Robert Reid, David Munro, and other special friends in the club were astonished and put themselves in communication with me to find out what this strange thing meant. I explained to them. They wanted me to state the case to the management and require a reconsideration of the decree of expulsion, but I had to decline that proposition. And therefore things remained as they were until a few months ago, when the ancient secretary retired from the autocracy. The boys thought that my return to the club would be plain and simple sailing now, but I thought differently. I was no longer a member. I could not become a member without consenting to be voted for by the board, like any other candidate, and I would not do that. The management had expelled me upon the mere statement of a clerk that I was a delinquent. They had not asked me to testify in my defense.
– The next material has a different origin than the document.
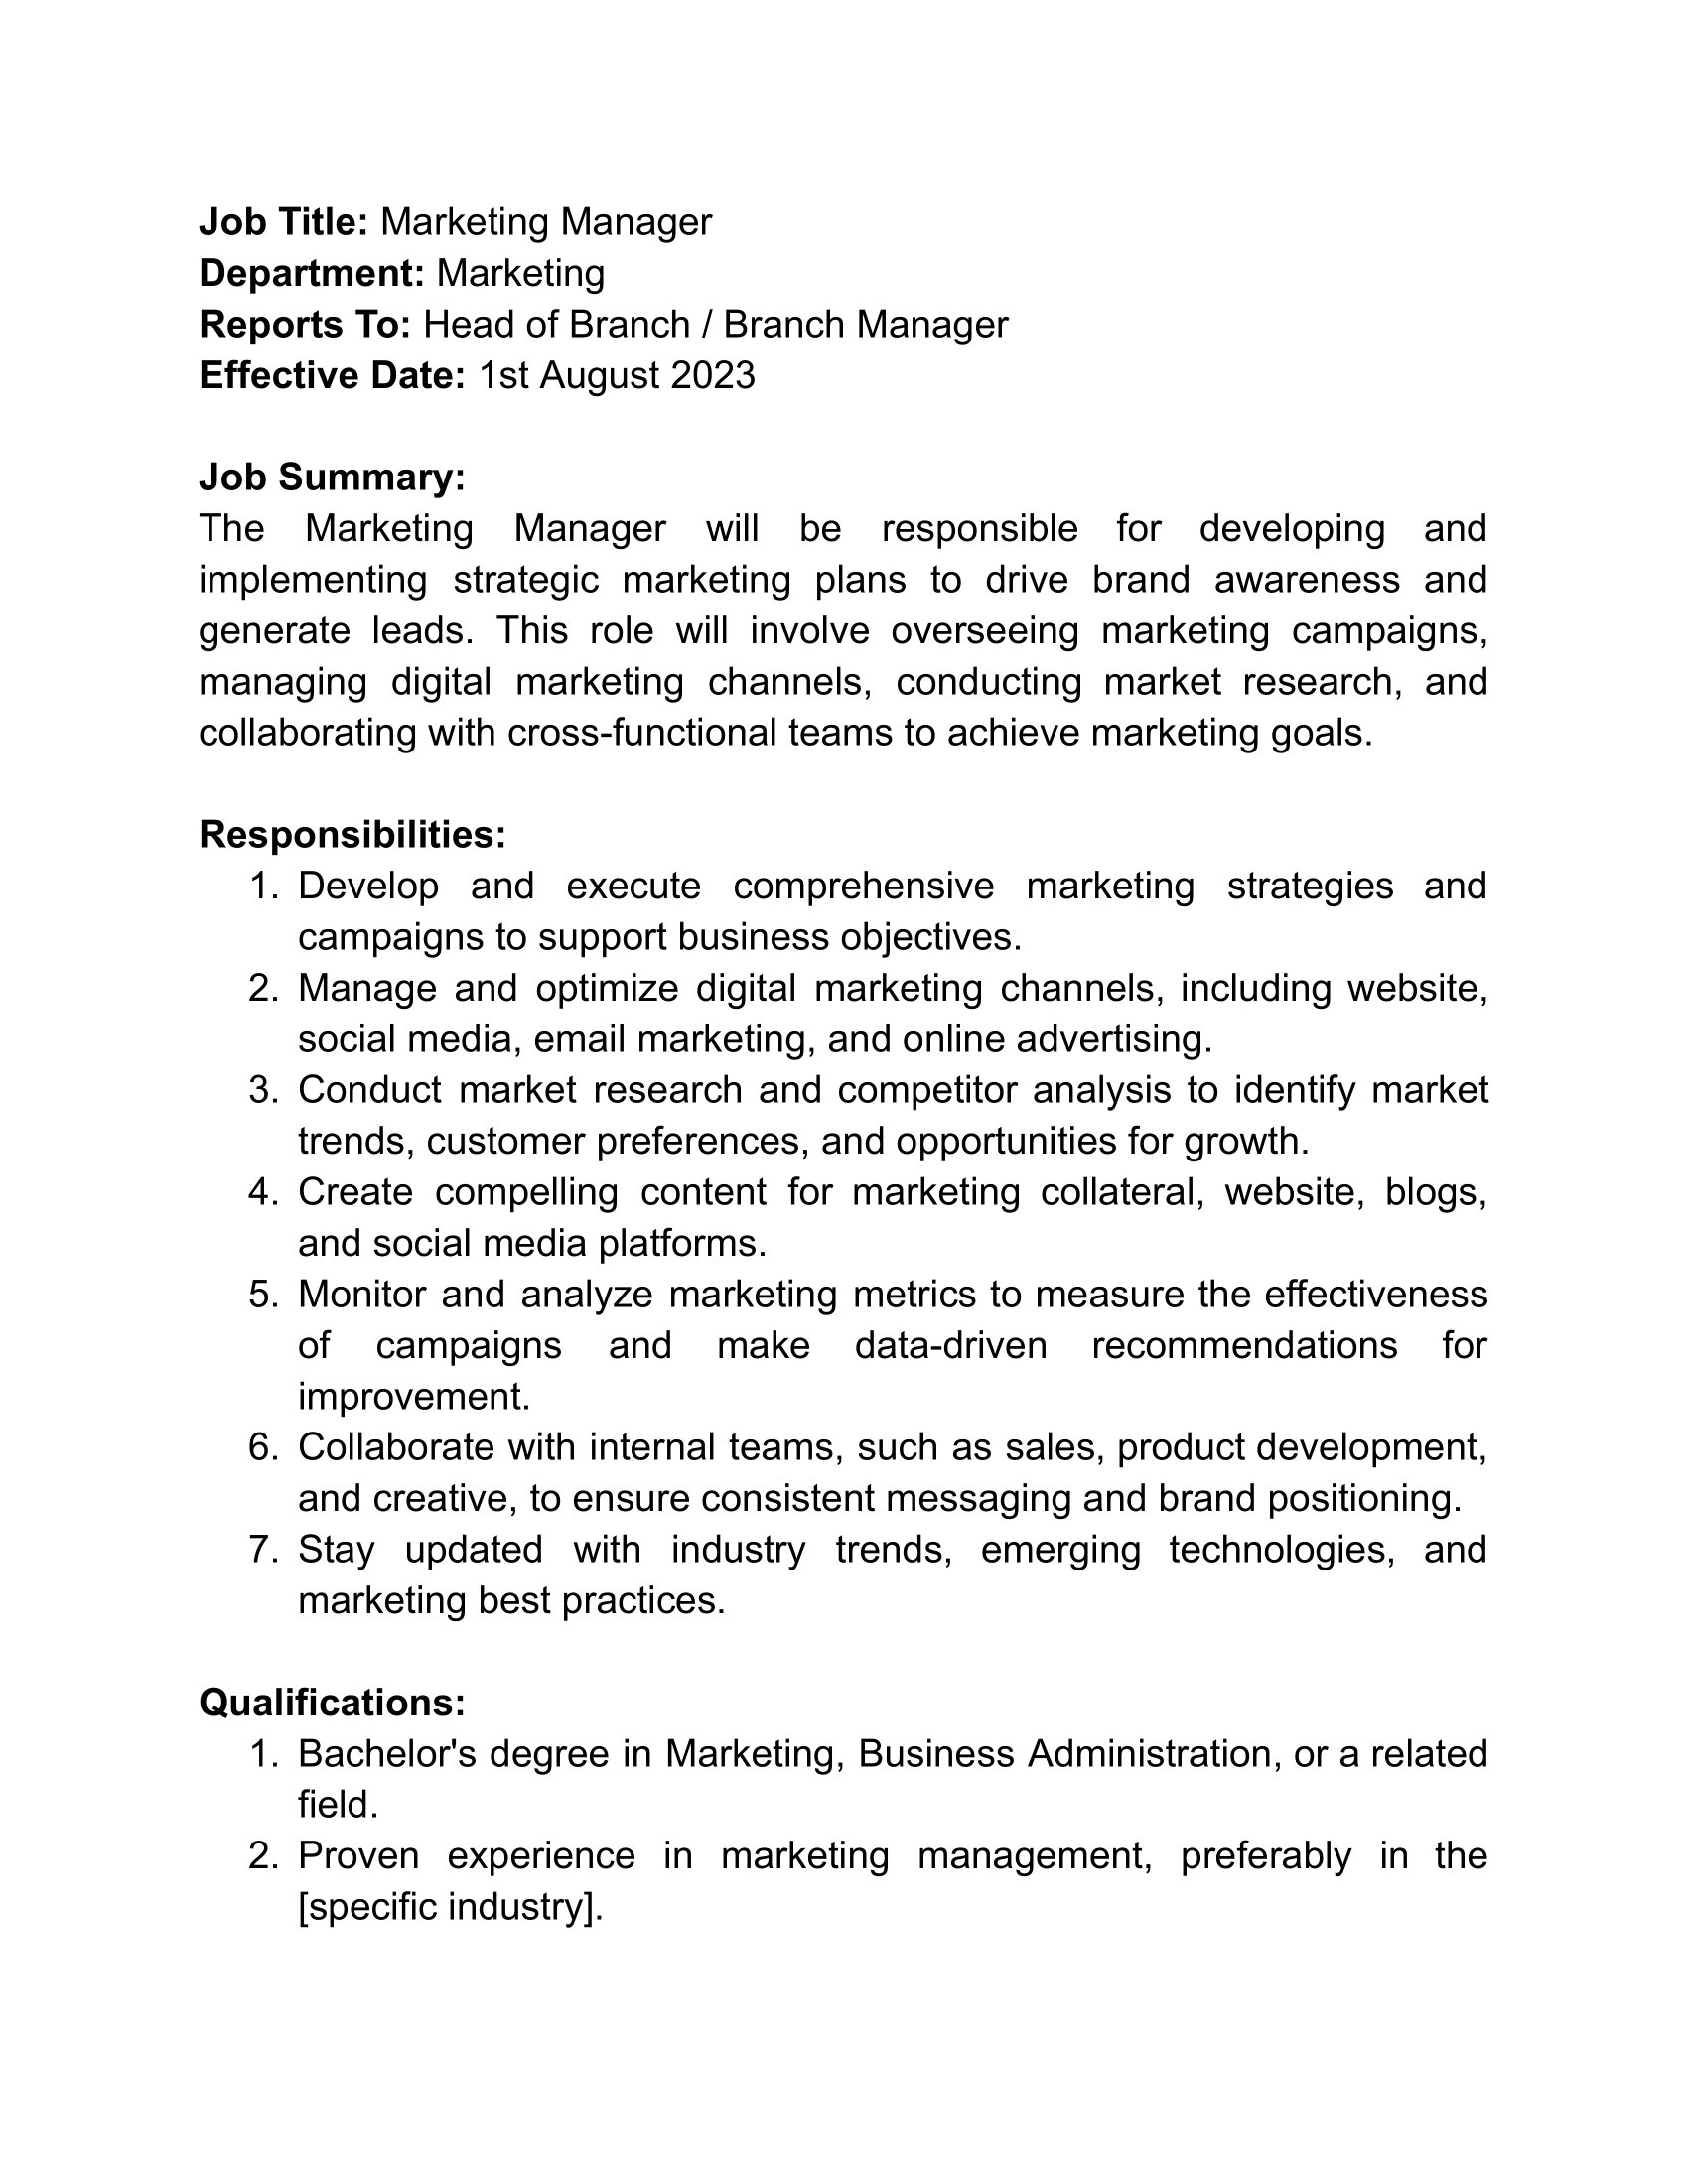 Job Description Example_ Marketing Manager-1

They might properly argue from that that I had not all of a sudden become a rascal, and that I might be able to explain the situation if asked. The board’s whole proceeding had been like all the board’s proceedings from the beginning⁠—arbitrary, insolent, stupid. That board’s proper place, from the beginning, was the idiot asylum. I could not allow myself to be voted for again, because from my view of the matter I had never lawfully and legitimately ceased to be a member. However, a way fair and honorable to all concerned was easily found to bridge the separating crack. I was made an honorary member, and I have been glad to resume business at the old stand.

Friday, March 22, 1906

Susy’s biography⁠—Langdon’s illness and death⁠—Susy tells of interesting men whom her father met in England and Scotland⁠—Dr. John Brown, Mr. Charles Kingsley. Mr. Henry M. Stanley, Sir Thomas Hardy, Mr. Henry Irving, Robert Browning, Sir Charles Dilke, Charles Reade, William Black, Lord Houghton, Frank Buckland, Tom Hughes, Anthony Trollope, Tom Hood, Doctor Macdonald, and Harrison Ainsworth⁠—Mr. Clemens tells of meeting Lewis Carroll⁠—of luncheon at Lord Houghton’s⁠—Letters from Mr. and Mrs. Clemens to Doctor Brown⁠—Mr. Clemens’s regret that he did not take Mrs. Clemens for a last visit to Doctor Brown.

From Susy’s Biography

I stopped in the middle of mamma’s early history to tell about our tripp to Vassar because I was afraid I would forget about it, now I will go on where I left off. Some time after Miss Emma Nigh died papa took mamma and little Langdon to Elmira for the summer. When in Elmira Langdon began to fail but I think mamma did not know just what was the matter with him.